Feature #19720
closedWarning for non-linear Regexps
Description
I believe the best way to solve ReDoS is to ensure all Regexps used in the process are linear.
Using Regexp.timeout = 5.0
or so does not really prevent ReDoS, given enough requests causing that timeout the servers will still be very unresponsive.
To this purpose, we should make it easy to identify non-linear Regexps and fix them.
I suggest we either use
- a performance warning (enabled with
Warning[:performance] = true
, #19538) or - a new regexp warning category (enabled with
Warning[:regexp] = true
).
I think we should warn only once per non-linear Regexp, to avoid too many such warnings.
We could warn as soon as the Regexp is created, or on first match.
On first match might makes more sense for Ruby implementations which compile the Regexp lazily (since that is costly during startup), and also avoids warning for Regexps which are never used (which can be good or bad).
OTOH, if the warning is enabled, we could always compile the Regexp eagerly (or at least checks whether it's linear), and that would then provide a better way to guarantee that all Regexps created so far are linear.

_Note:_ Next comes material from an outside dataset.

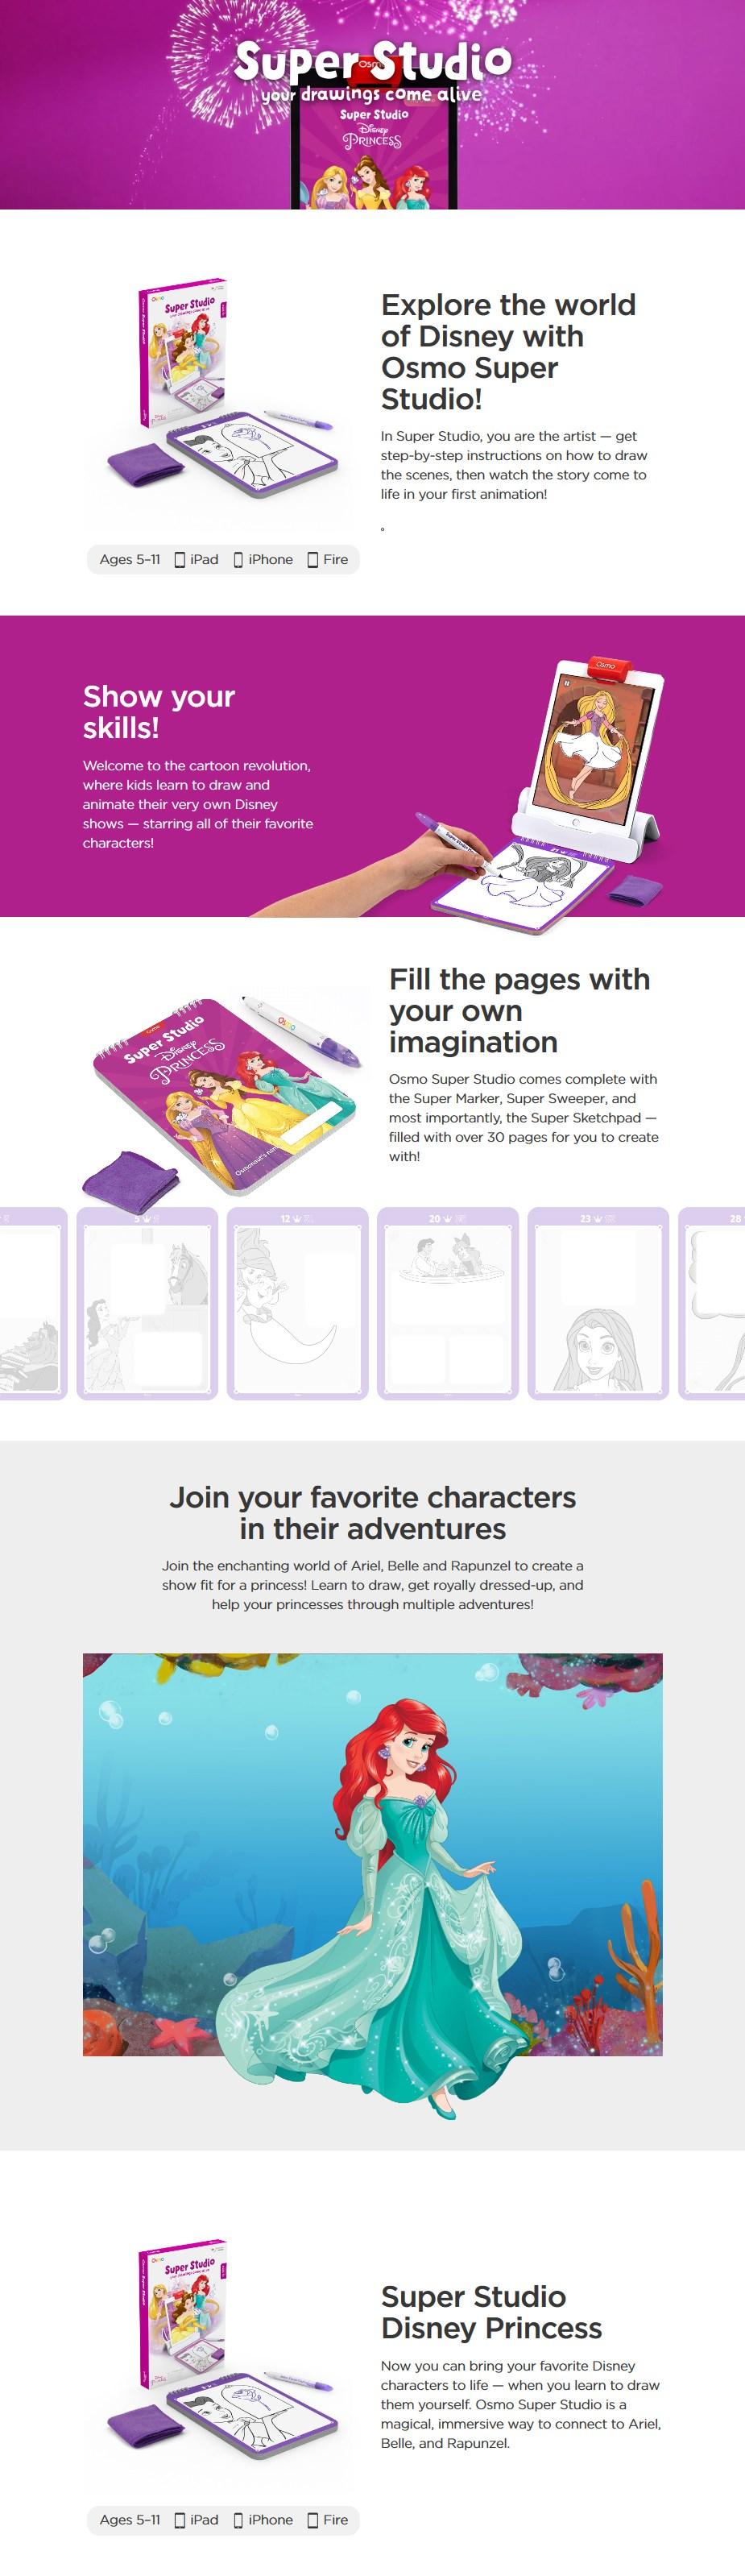 Osmo Super Studio - Disney Princess for iPad - Desktop Overview 1

Because warnings are easily customizable, it is also possible to e.g. raise/abort
on such a warning, if one wants to ensure their application does not use a non-linear Regexp and so cannot be vulnerable to ReDoS:
Warning.extend Module.new {
def warn(message, category: nil, **)
raise message if category == :regexp
super
end
}
A regexp warning category seems better for that as it makes it easy to filter by category, if a performance warning one would need to match the message which is less clean.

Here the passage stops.